Литератор, не обладающий языковым чутьем, носит это имя по недоразумению. Писатель имеет дело с живыми порождениями языковой стихии и передает
Что касается определения романа как жанра, то тут языковая полифония не менее значима, чем композиция. «Мертвые души» — это еще и симфония языка, шедевр абсолютного языкового слуха, отсюда и авторское жанровое определение — поэма. Если рассматривать последовательность музыкальных сравнений, то «Вечера…» — это цикл чудесных лирических миниатюр, где общий скрипичный знак (скрип чумацких возов, скрип снега под Рождество) вынесен за скобки, так что читатель может упиваться воссозданной средствами русского языка малороссийской речью (чего не мог бы сделать украинец, не знающий русского, — если, конечно, такие существуют). «Миргород» — блестящий сборный концерт, где номера выстроены по контрасту (ну хотя бы «Тарас Бульба» и «Старосветские помещики»). А «Мертвые души» — это именно полифоническое полотно, в котором мощь русского языка явлена воочию, вихрь, где зарождаются отдельные языковые субъекты, ведущие свою партию, где время от времени вступает хор, его поддерживает оркестр авторских интонаций, и в итоге как раз и возникает полномасштабная речевая панорама России.
И тут недальновидно было бы спрашивать, насколько итоговая картина соответствует исторической действительности, ибо безотносительно к историческому измерению ее действенность, а стало быть, и действительность, существует сейчас. Бричка Чичикова оказалась удивительно надежным транспортом, не уступающим ни кораблю аргонавтов, ни ладье Харона.
Татьяна Москвина
УМ — ХОРОШО, А СЕРДЦЕ ЛУЧШЕ
Александр Николаевич Островский (1823–1886)
«Наш Боженька» — так звали Островского актеры Малого театра. И до чего же идет ему это ласковое прозвище, особенно если вспомнить портрет кисти Перова, где Александр Николаевич, в халате на беличьем меху, ясными голубыми глазами энергично и твердо смотрит в свою, уготованную ему вечность. Чувствуется недюжинная сила, решительность, всё пронизывающий ум — и никакого подвоха, хмури там, обиды, душевной смуты. Весь открыт, весь явлен в своем гениальном простодушии.
Выскочи в нашей развратной действительности какой-нибудь резвый шут, возжелавший «разоблачить» почтенного классика, выкопать откуда-нибудь «другого Островского» — дескать, писали, Александр Николаевич, одно, а творили иное! — гнусное предприятие сие пойдет прахом. Впрочем, и не смогут черти подойти близко к нашему драматургу — отбросит ударной волной, будут на расстоянии, терзая беззащитные тексты смрадными лапками, бормотать свою околесицу: мол, пьесы устарели, нафталин какой-то, купцы какие-то…
В человеческом лице Островского и в его личной жизни нет ни единой дурной черты.
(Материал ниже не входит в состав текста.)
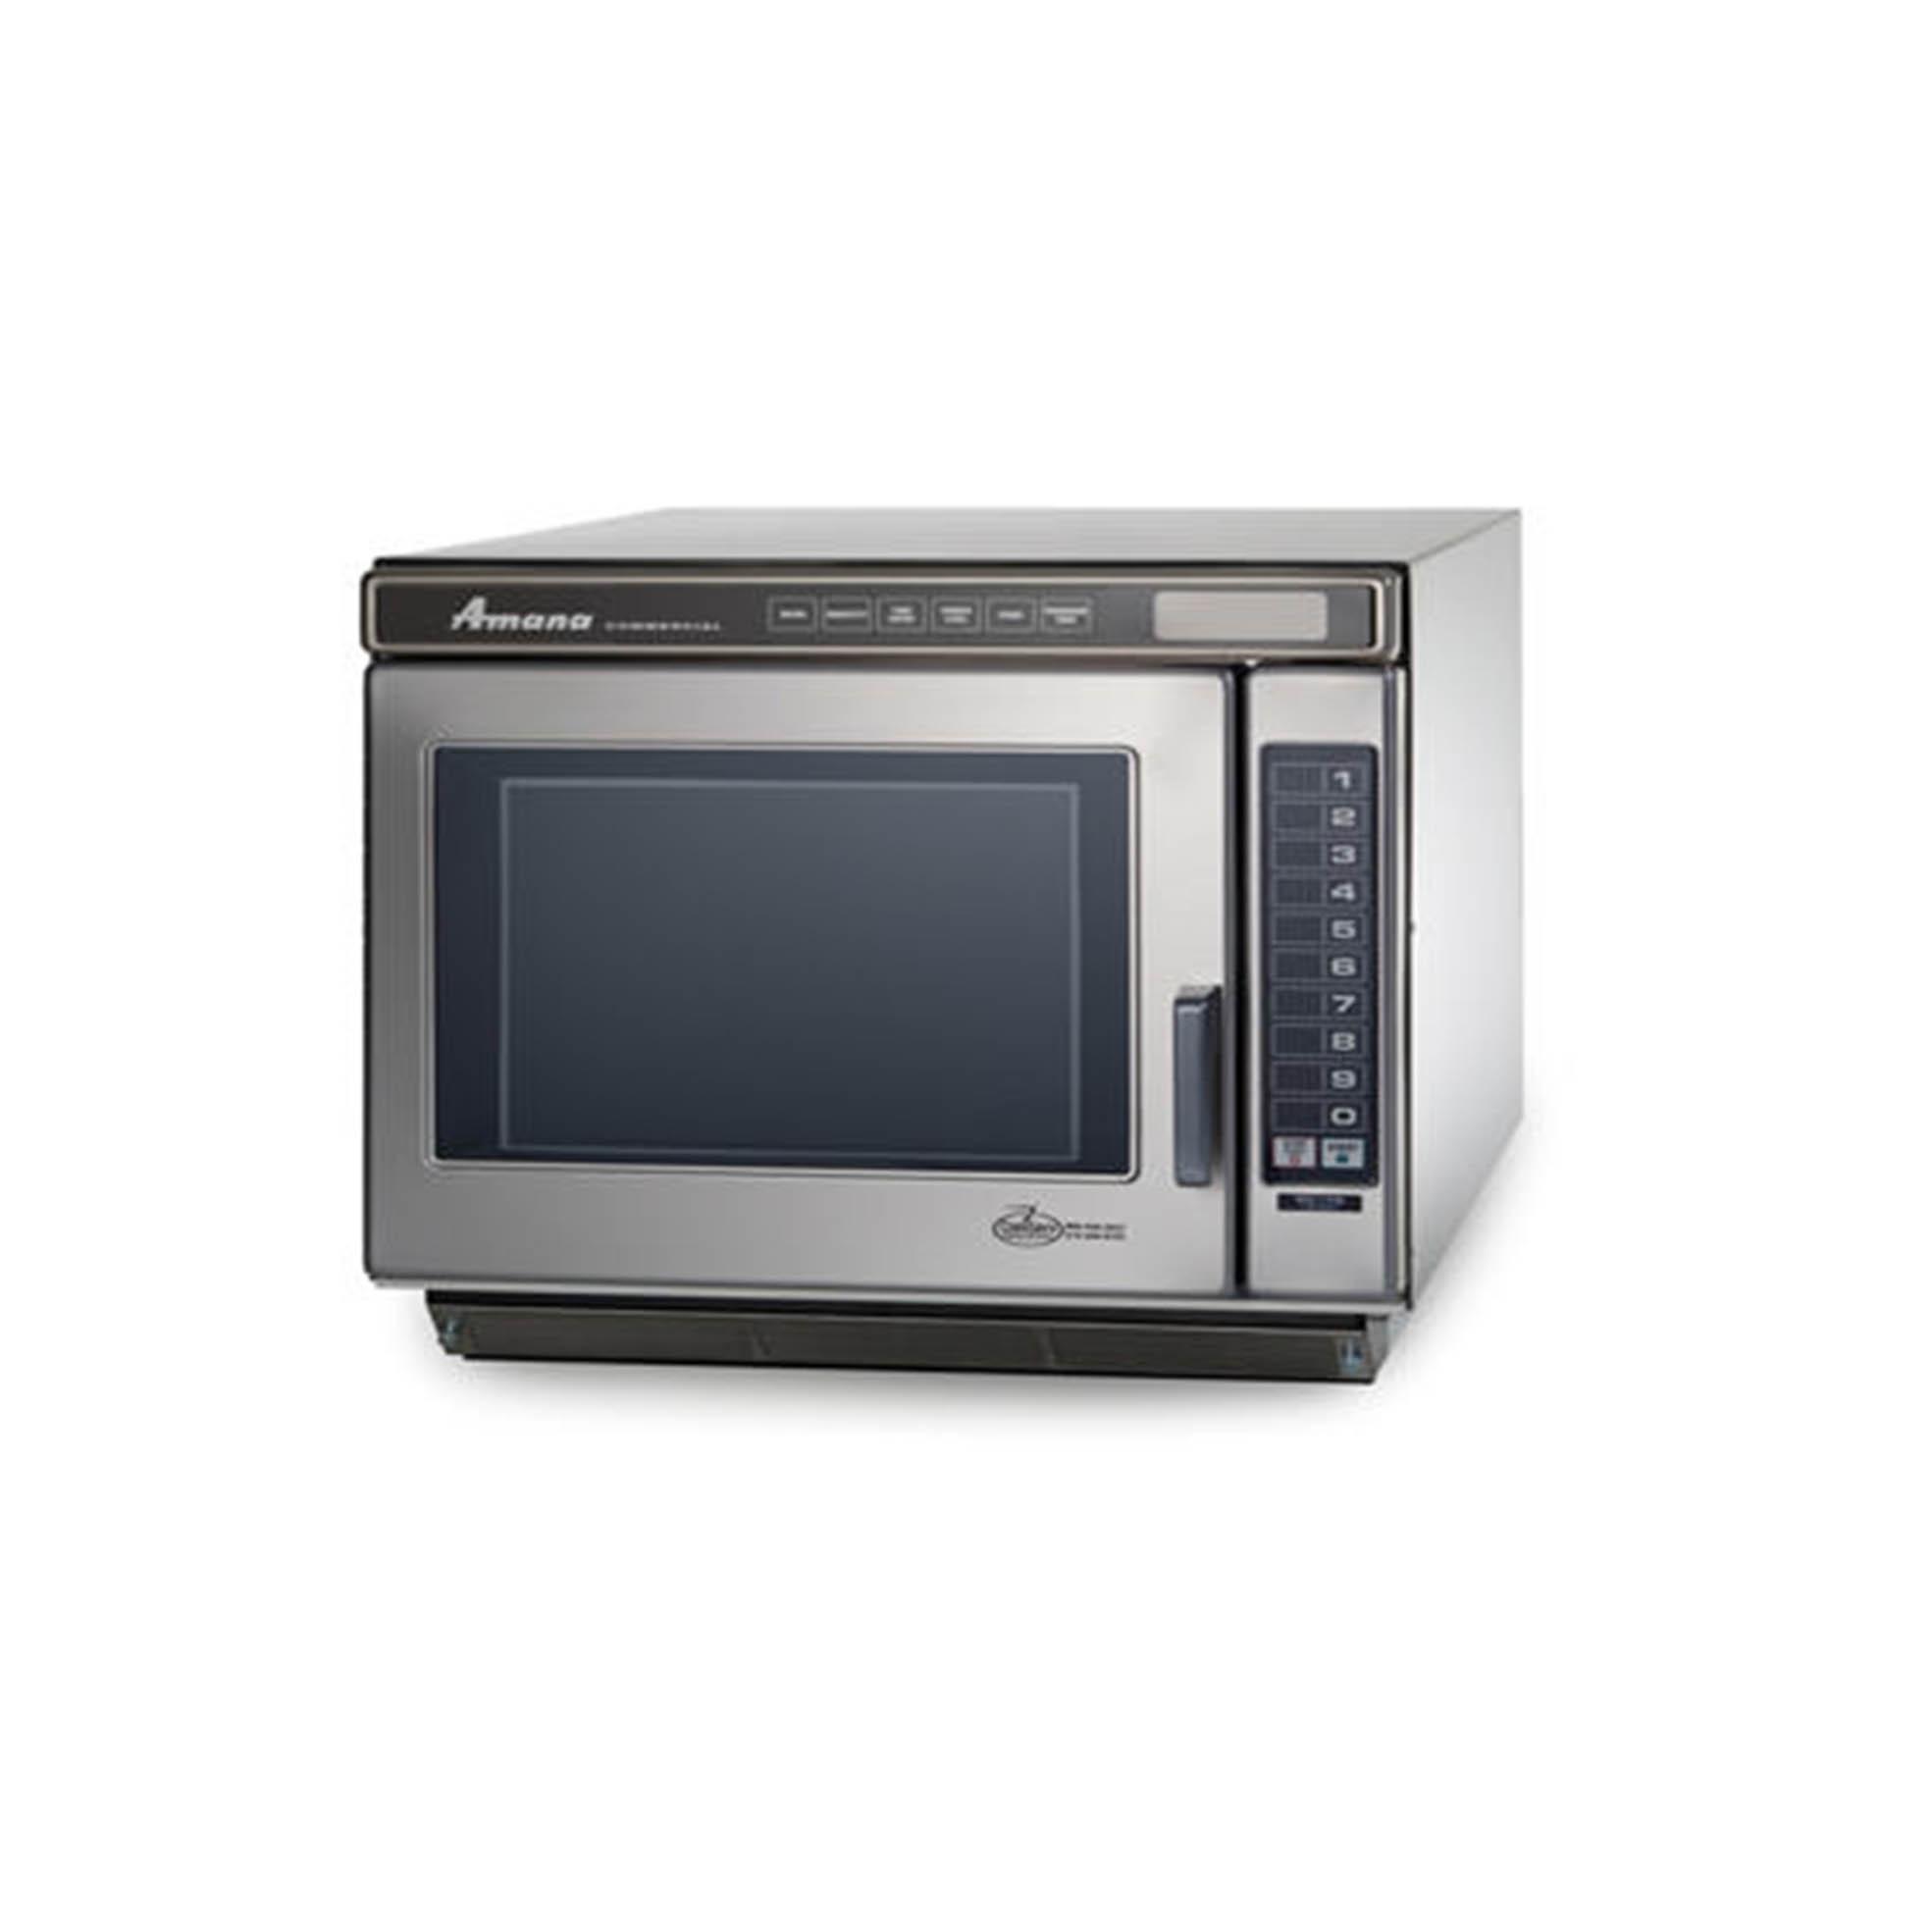 amana rc30s2 3000 watts digital control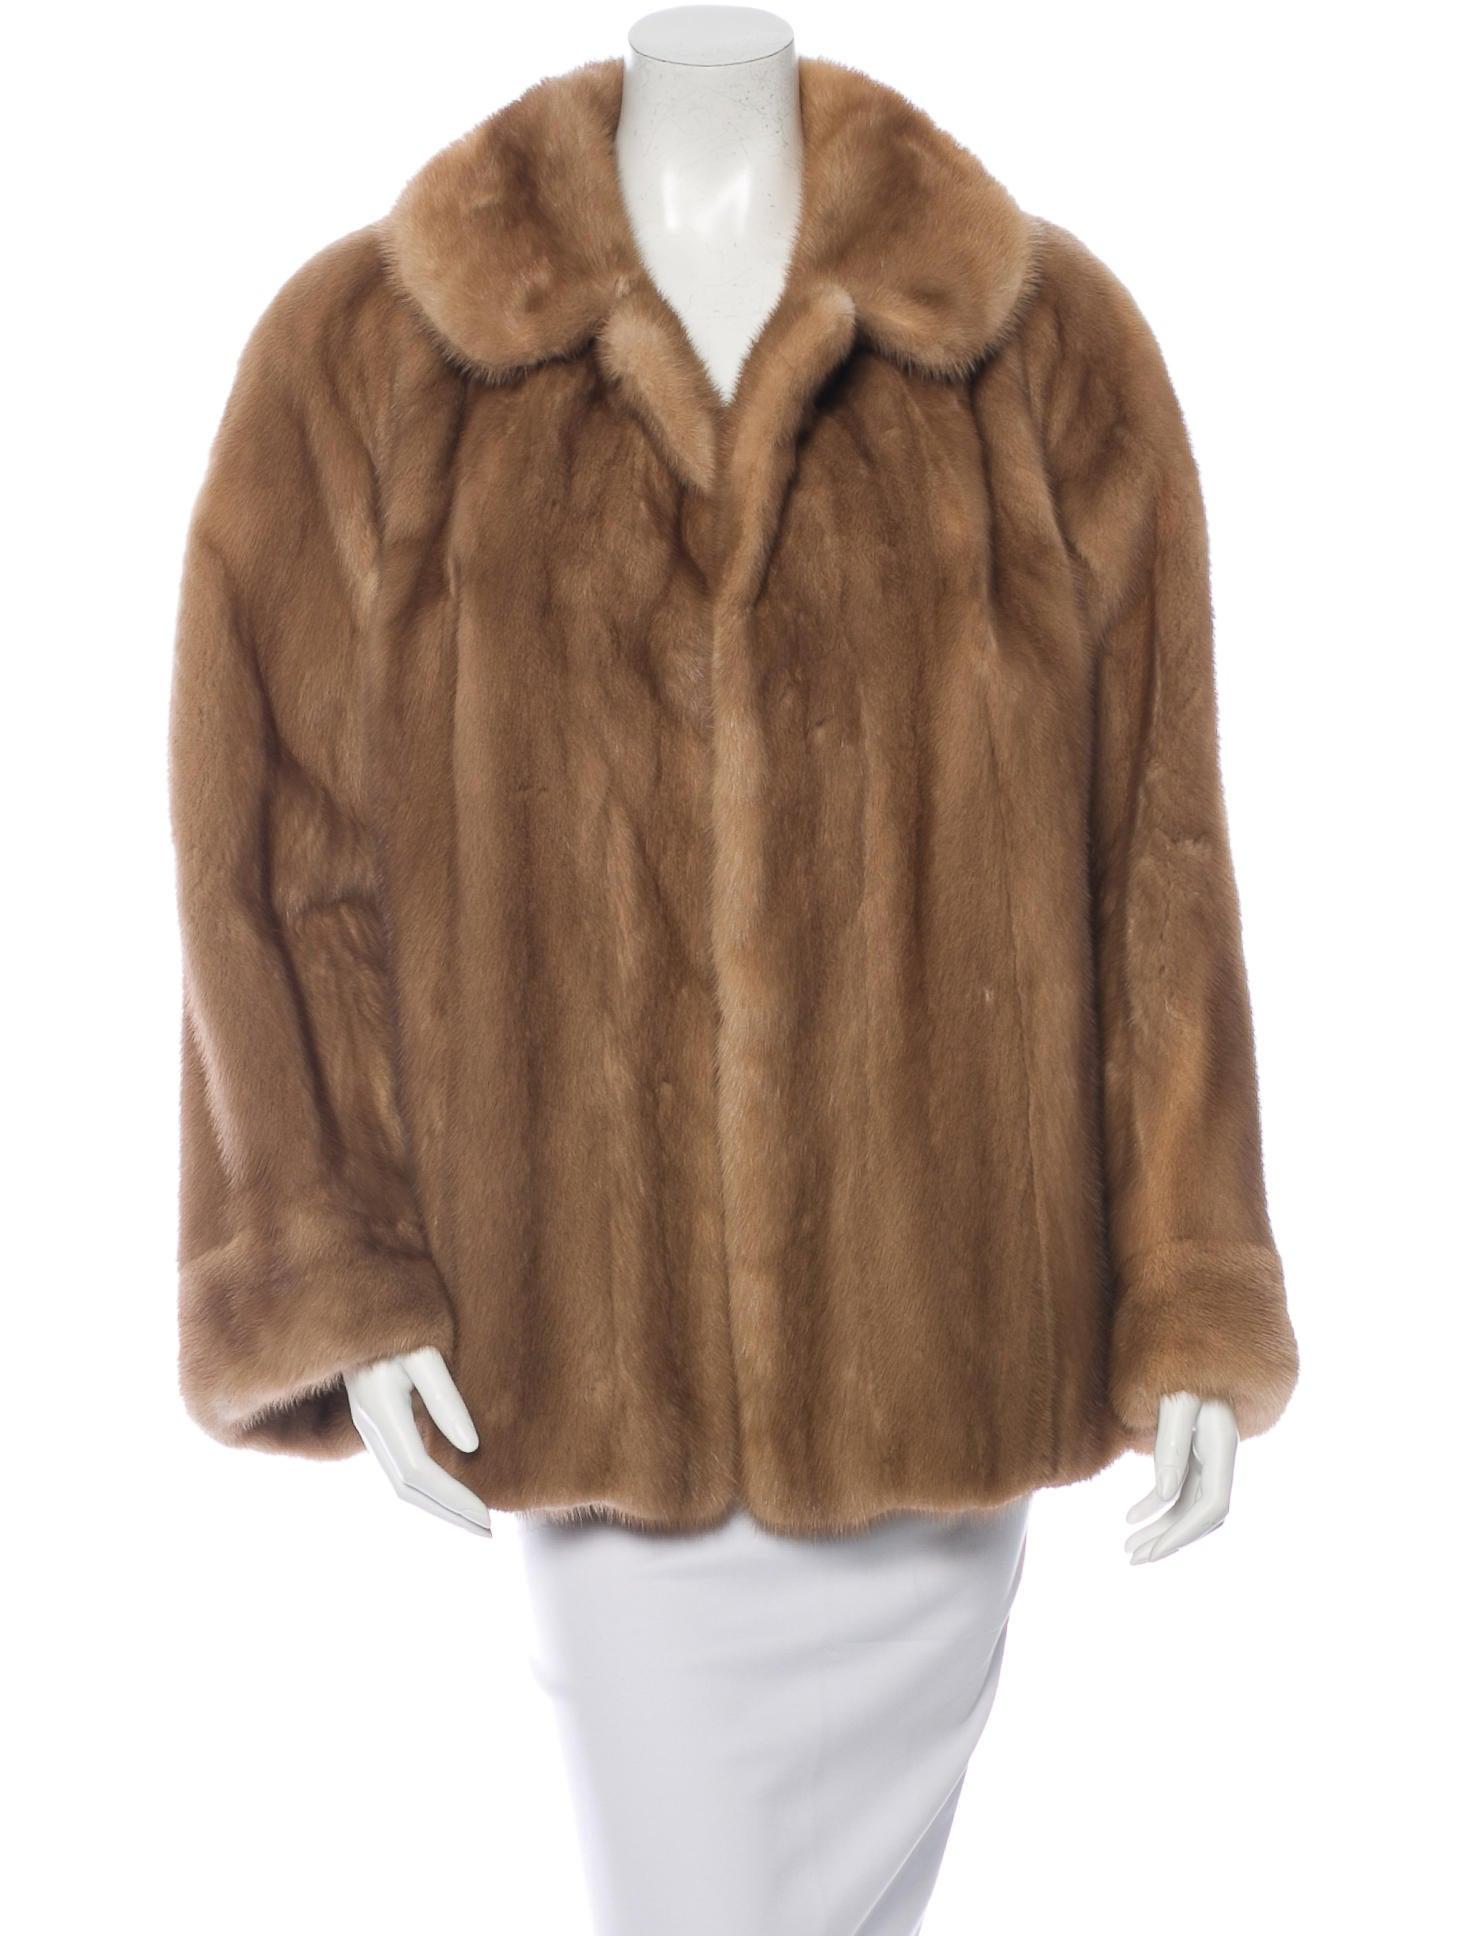 Mink Coat Value >> Fur Mink Fur Open Front Coat - Clothing - FUR20998 | The ...

Скажем, было в конце пятидесятых годов: жил с Агафьей Ивановной, невенчанной женой, и влюбился отчаянно в актрису Любовь Никулину-Косицкую, метался, страдал, видел, как страдала Агафья Ивановна, но никого не предавал, не обманывал — бился в тугом житейском узле да сочинял драмы, где любящая и страдающая женщина воспета им беспримерно, десятки раз. А венчанной женой Островского стала в конце концов Марья Васильева, с которой он и прожил до гробовой доски: желанная Никулина-Косицкая, для которой была «Гроза» написана, его не полюбила — ну, на то они, наши благодетели, и поставлены. (Чтоб из комфорта выдирать душу в космос.)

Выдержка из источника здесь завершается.